Only one stretch of the material below is wanted: everything from the line containing "Josef Vitus Becher" down to the line containing "KIDOPPO Pikler Tırmanma", both ends included. Repeat it exactly and skip the pictures.

» Information shown:

'''

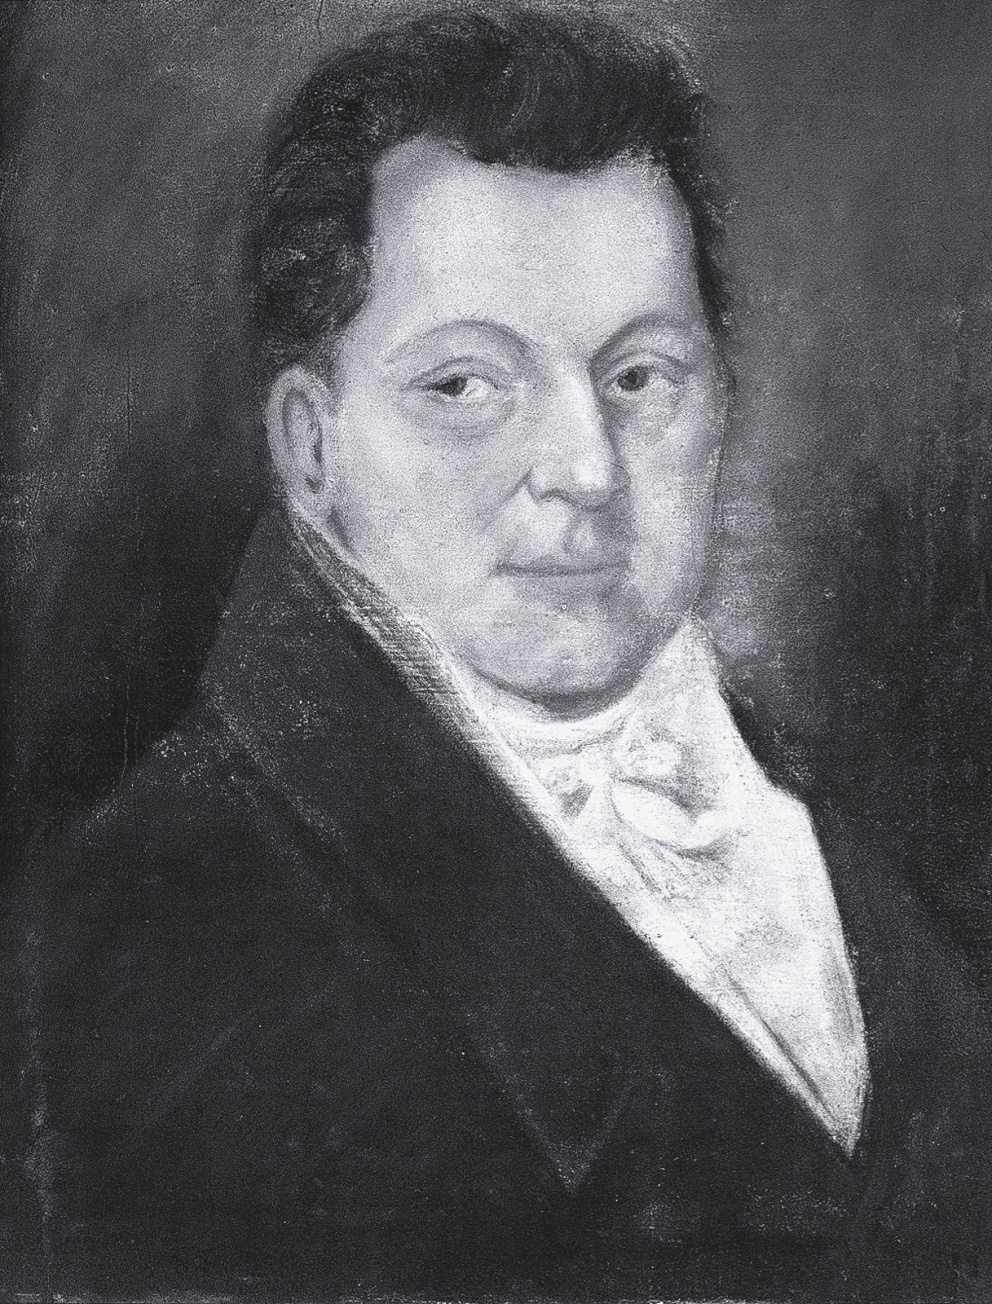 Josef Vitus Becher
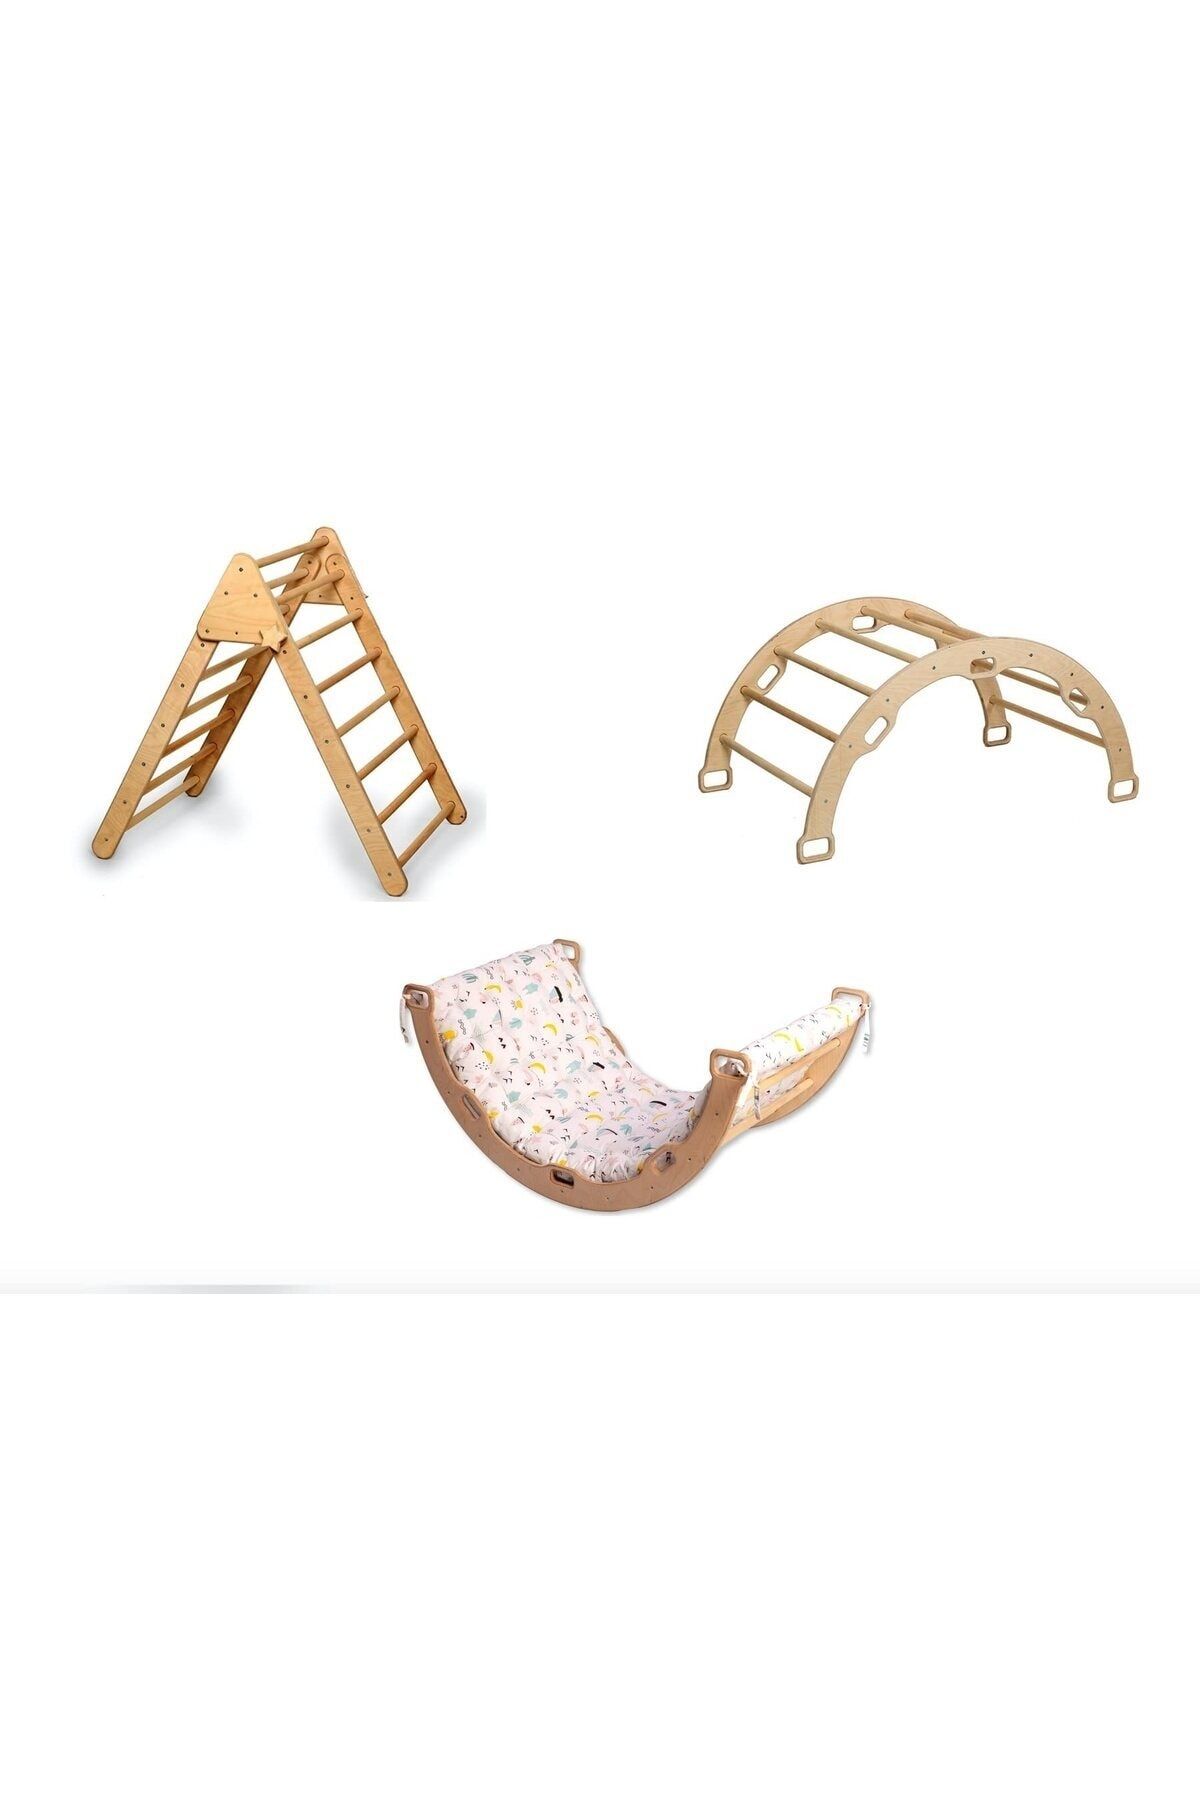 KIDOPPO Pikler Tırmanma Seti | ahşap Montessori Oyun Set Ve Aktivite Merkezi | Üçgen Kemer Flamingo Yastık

'''
'''

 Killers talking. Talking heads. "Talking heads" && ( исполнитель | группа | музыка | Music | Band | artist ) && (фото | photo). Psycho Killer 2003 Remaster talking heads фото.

'''

» Task output:
 Josef Vitus Becher
 KIDOPPO Pikler Tırmanma Seti | ahşap Montessori Oyun Set Ve Aktivite Merkezi | Üçgen Kemer Flamingo Yastık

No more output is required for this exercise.